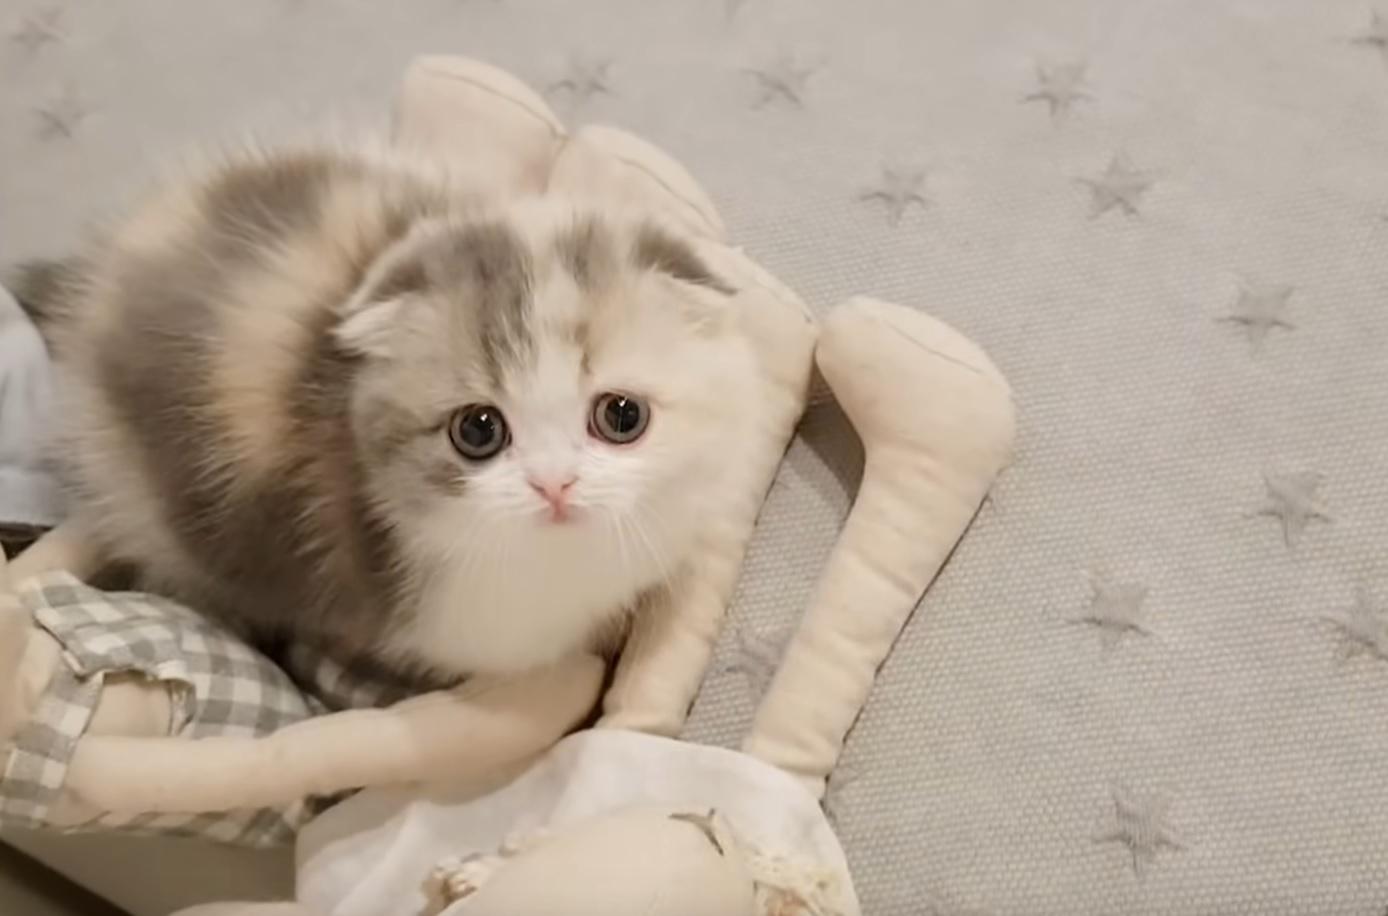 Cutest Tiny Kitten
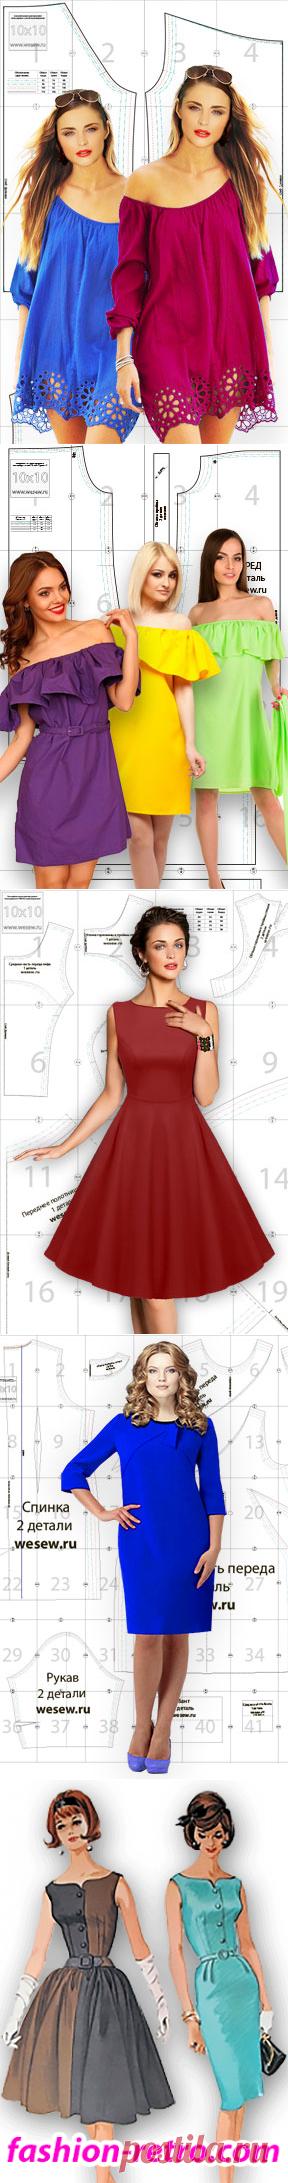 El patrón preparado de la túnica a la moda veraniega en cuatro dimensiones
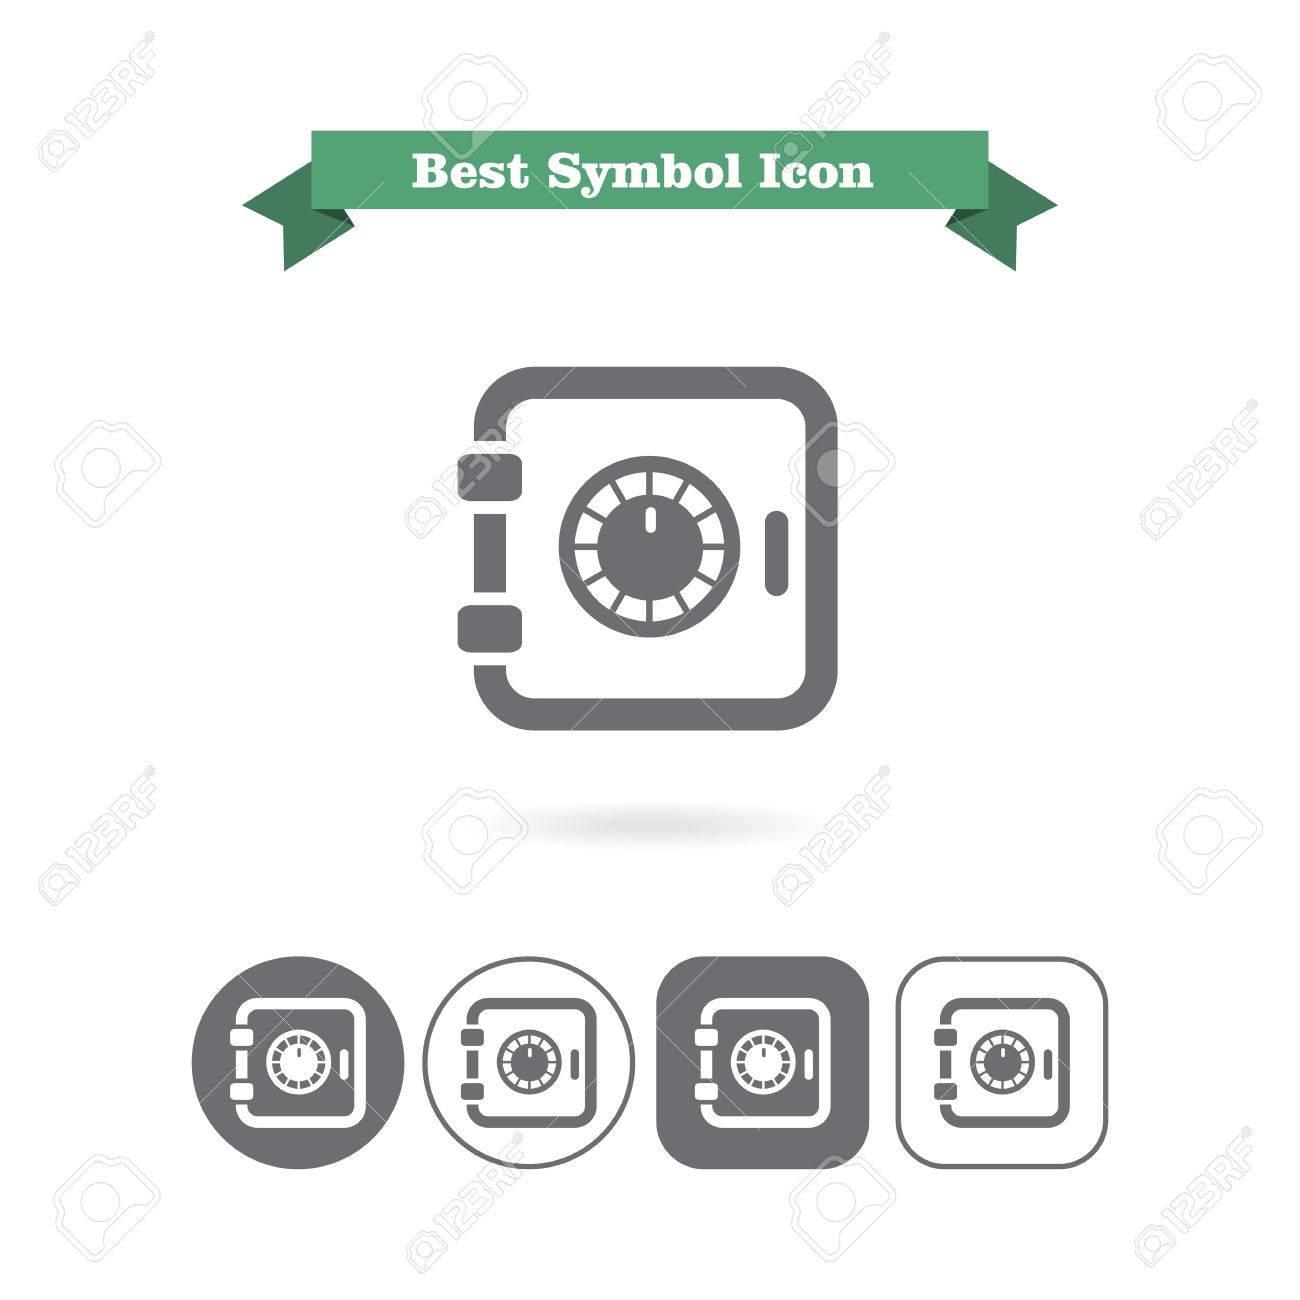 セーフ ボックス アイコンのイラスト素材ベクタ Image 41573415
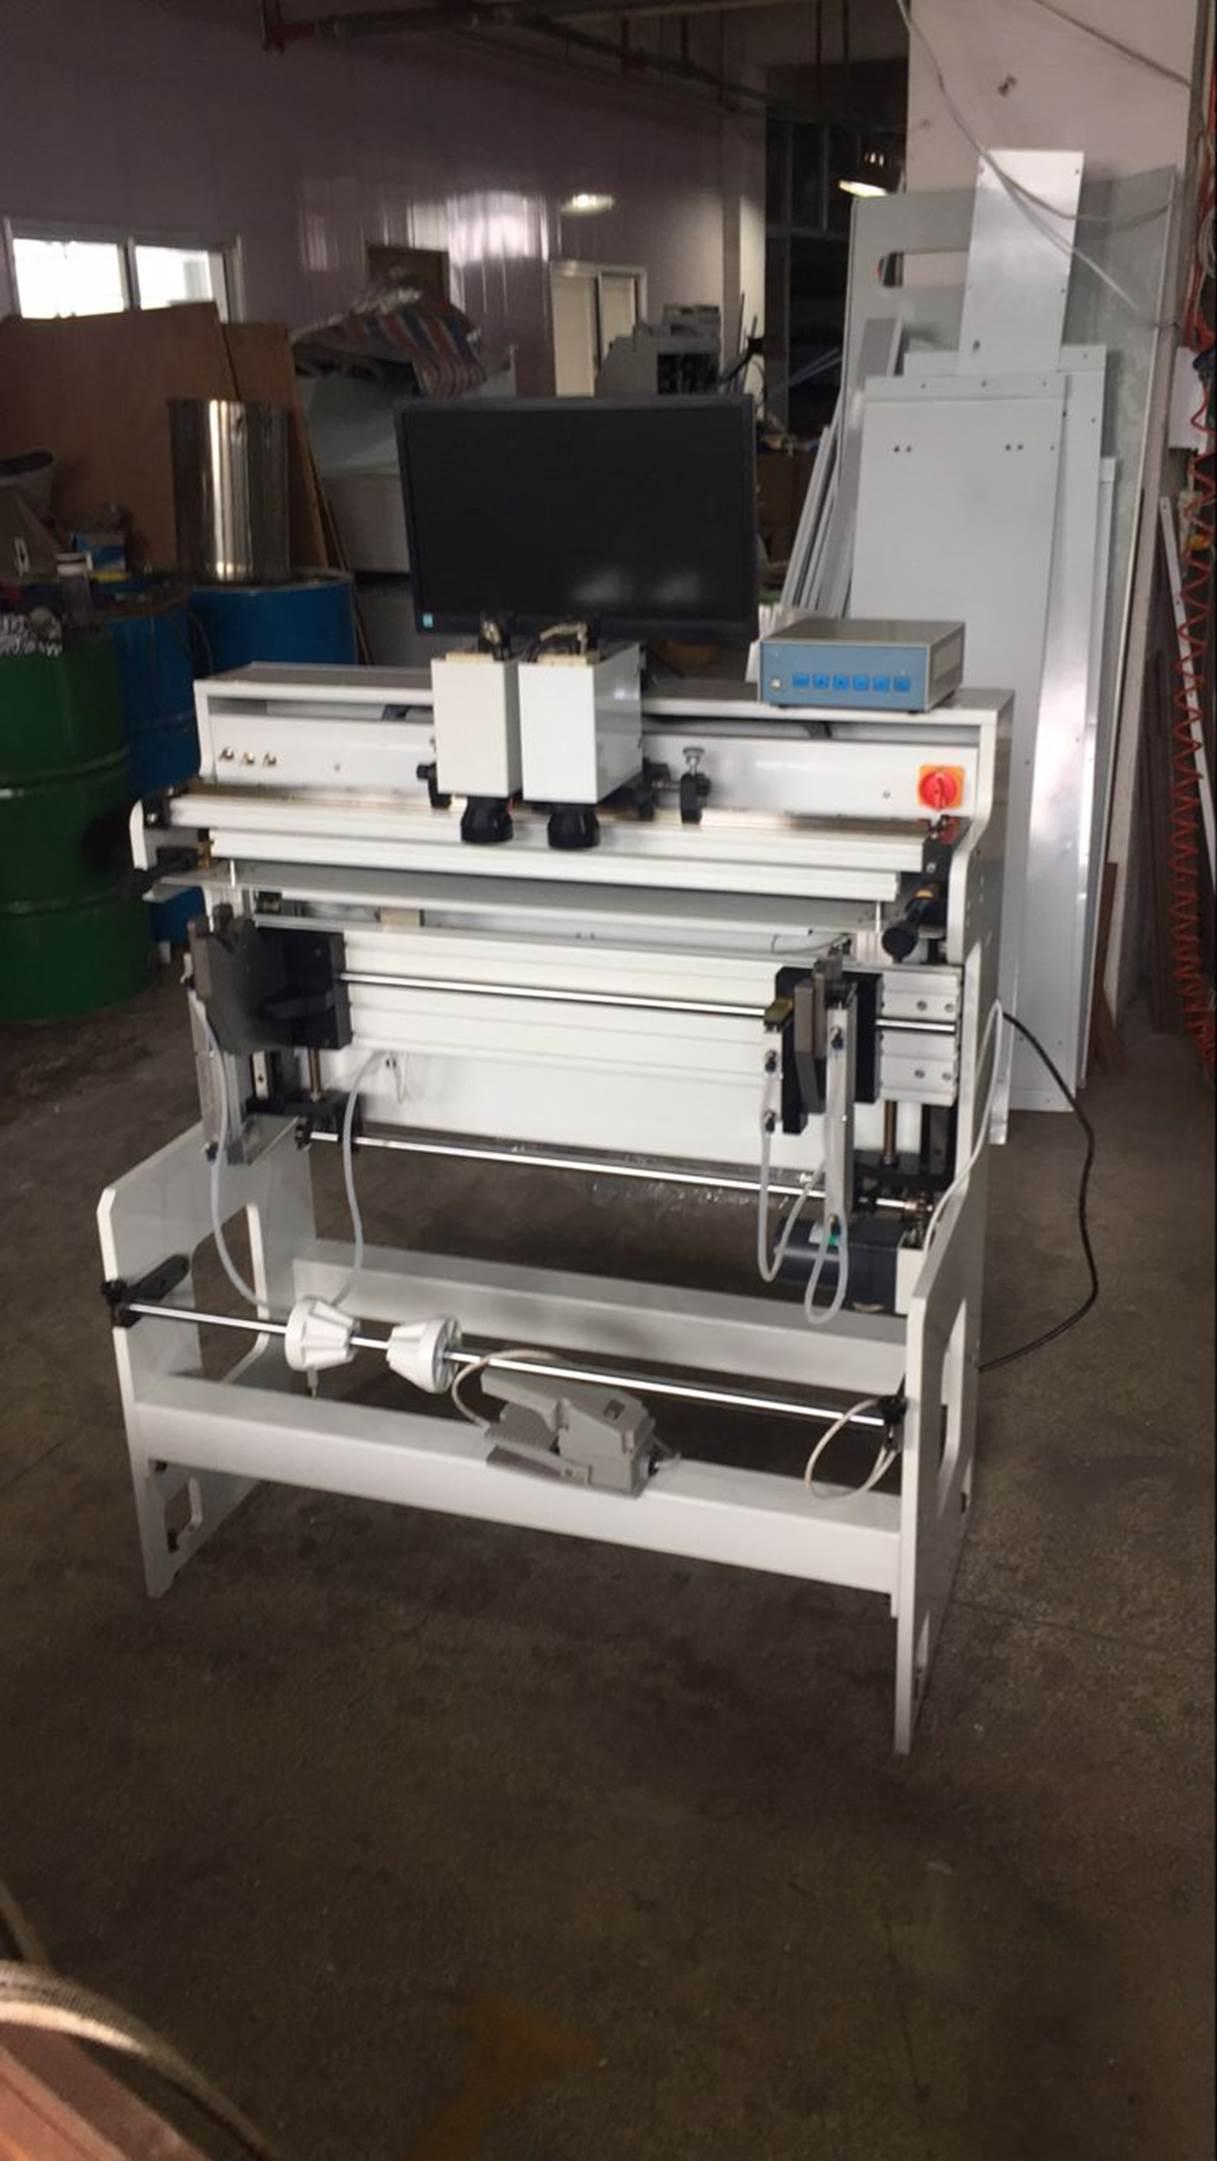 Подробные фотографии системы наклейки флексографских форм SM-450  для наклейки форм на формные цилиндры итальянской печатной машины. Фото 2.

● WHAT YOU SHOULD DO
Lines from the one with "El patrón preparado" through the final line of the listing above: copy them exactly, both ends included, and omit every picture.

● YOUR SOLUTION
 El patrón preparado de la túnica a la moda veraniega en cuatro dimensiones
 セーフ ボックス アイコンのイラスト素材ベクタ Image 41573415
 Подробные фотографии системы наклейки флексографских форм SM-450  для наклейки форм на формные цилиндры итальянской печатной машины. Фото 2.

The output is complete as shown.